Genetic haemochromatosis (GH) is a genetic disorder causing the body to absorb an excessive amount of iron from the diet: the iron is then deposited in various organs, mainly the liver, but also the heart, endocrine glands such as the pancreas, and joints. This is iron overload.
This short introductory video will help if you are new to GH.
Iron is stored in the marrow normally, but any excess is transported to the liver and then the other organs. Usually the liver stores a small amount of iron for the essential purpose of providing new red blood cells with iron (vital for health), however when excessive quantities of iron are stored in the liver it becomes damaged.
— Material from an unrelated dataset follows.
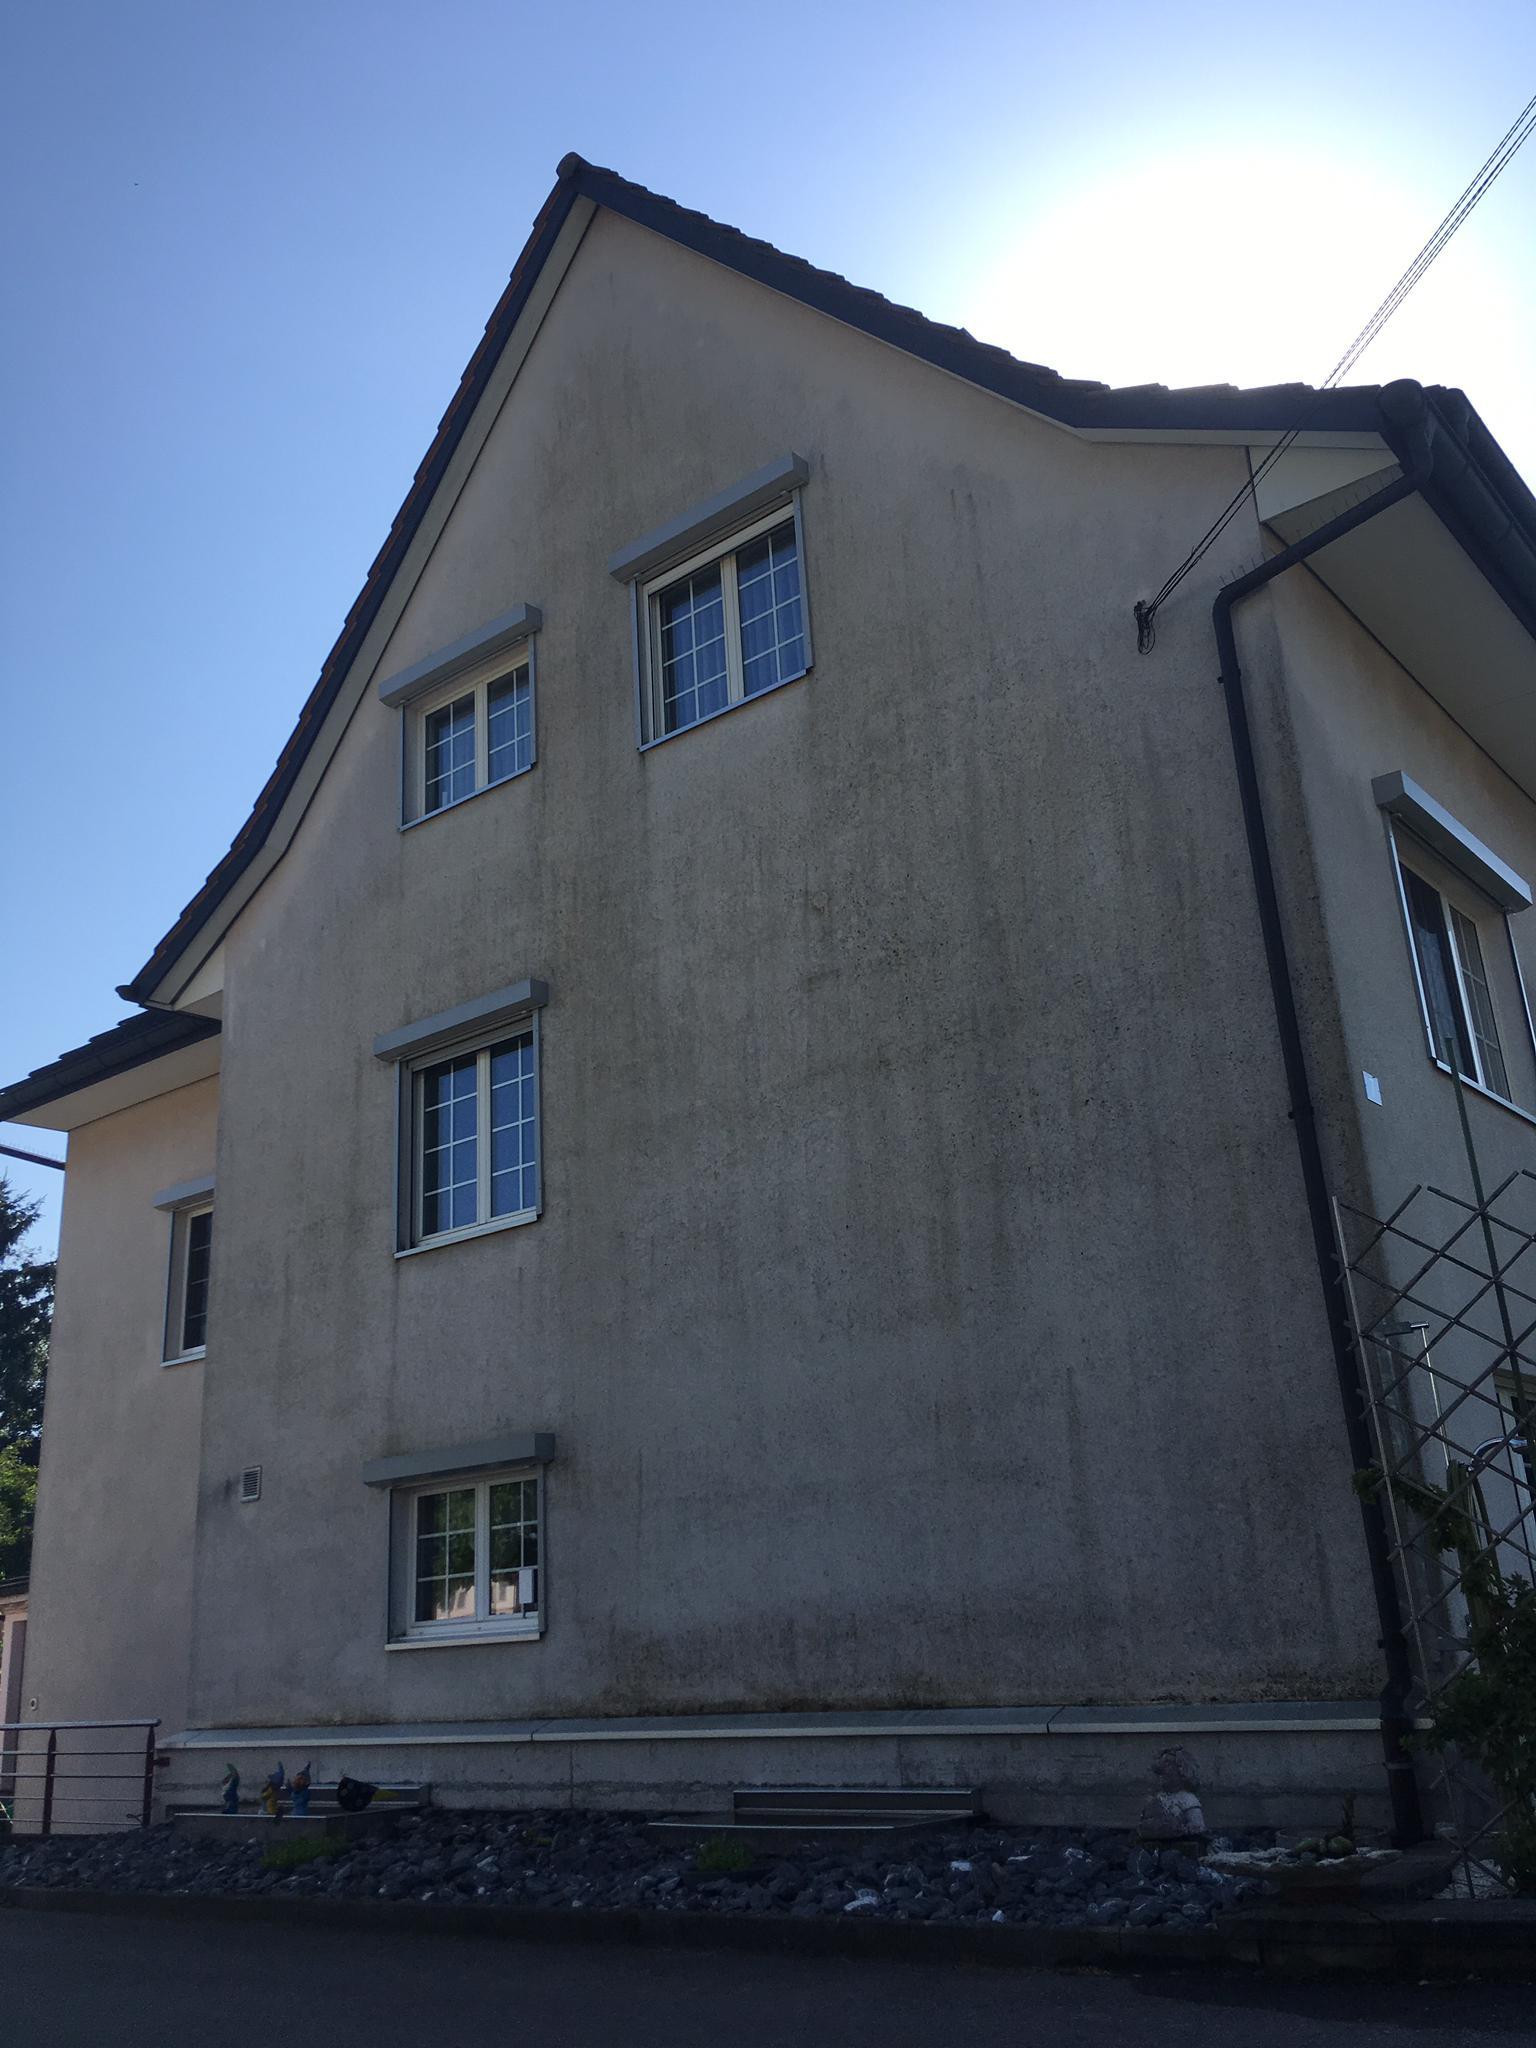 https://www.koster-gs.ch/wp-content/uploads/2021/02/Hengartner-Fassade-1-vorher.jpg

Deposits of iron may also occur in other organs and joints, again causing damage.
For a long time it was believed that the disorder was rare, so GH was seldom considered as a possible diagnosis. However, recent surveys of people of Northern European origin have shown a prevalence of the gene flaws that can lead to iron overload in the order of 1 in 200. These people are much more likely to be at risk of develop haemochromatosis, thus GH is now recognised as being one of the most common genetic disorders.
Iron overload as a result of haemochromatosis comes about because the body continually absorbs more iron from the diet than it needs. The body is then unable to rid itself of the excess, which slowly builds up over a number of years and damages the organs where it is stored. In HFE (Type 1) haemochromatosis it is rare for iron to build up to a damaging level in childhood, and in fact it often does not happen for several decades. Children can however overload iron as a result of Type 2 (Juvenile) haemochromatosis.
The underlying cause is the inheritance of a mutated gene. The faulty gene stops the normal body iron control working properly. A faulty gene, and therefore haemochromatosis, can only be inherited. Haemochromatosis cannot be “caught” from somebody else.
Although haemochromatosis is closely associated with one particular gene mutation, not everybody who has inherited that gene mutation will develop iron overload; indeed the proportion of people that do so may be quite small. Other factors must be involved, but it is not yet known what they are. The proportion of people with the gene flaws who go on to develop iron overload is called penetrance. There is uncertainty as to what this might be on average or what other factors play a part.
A normal man has about 4 grams (g) of iron in his body and a normal woman about 3.5g, mostly found in haemoglobin in the red cells of the blood. Up to 1g is stored in the tissues and may be used to make new haemoglobin if required. With haemochromatosis it is this amount stored in the tissues, the storage iron, which becomes excessive. Overload is said to occur in individuals when their stored iron rises to 5g or more; it may rise to 40g.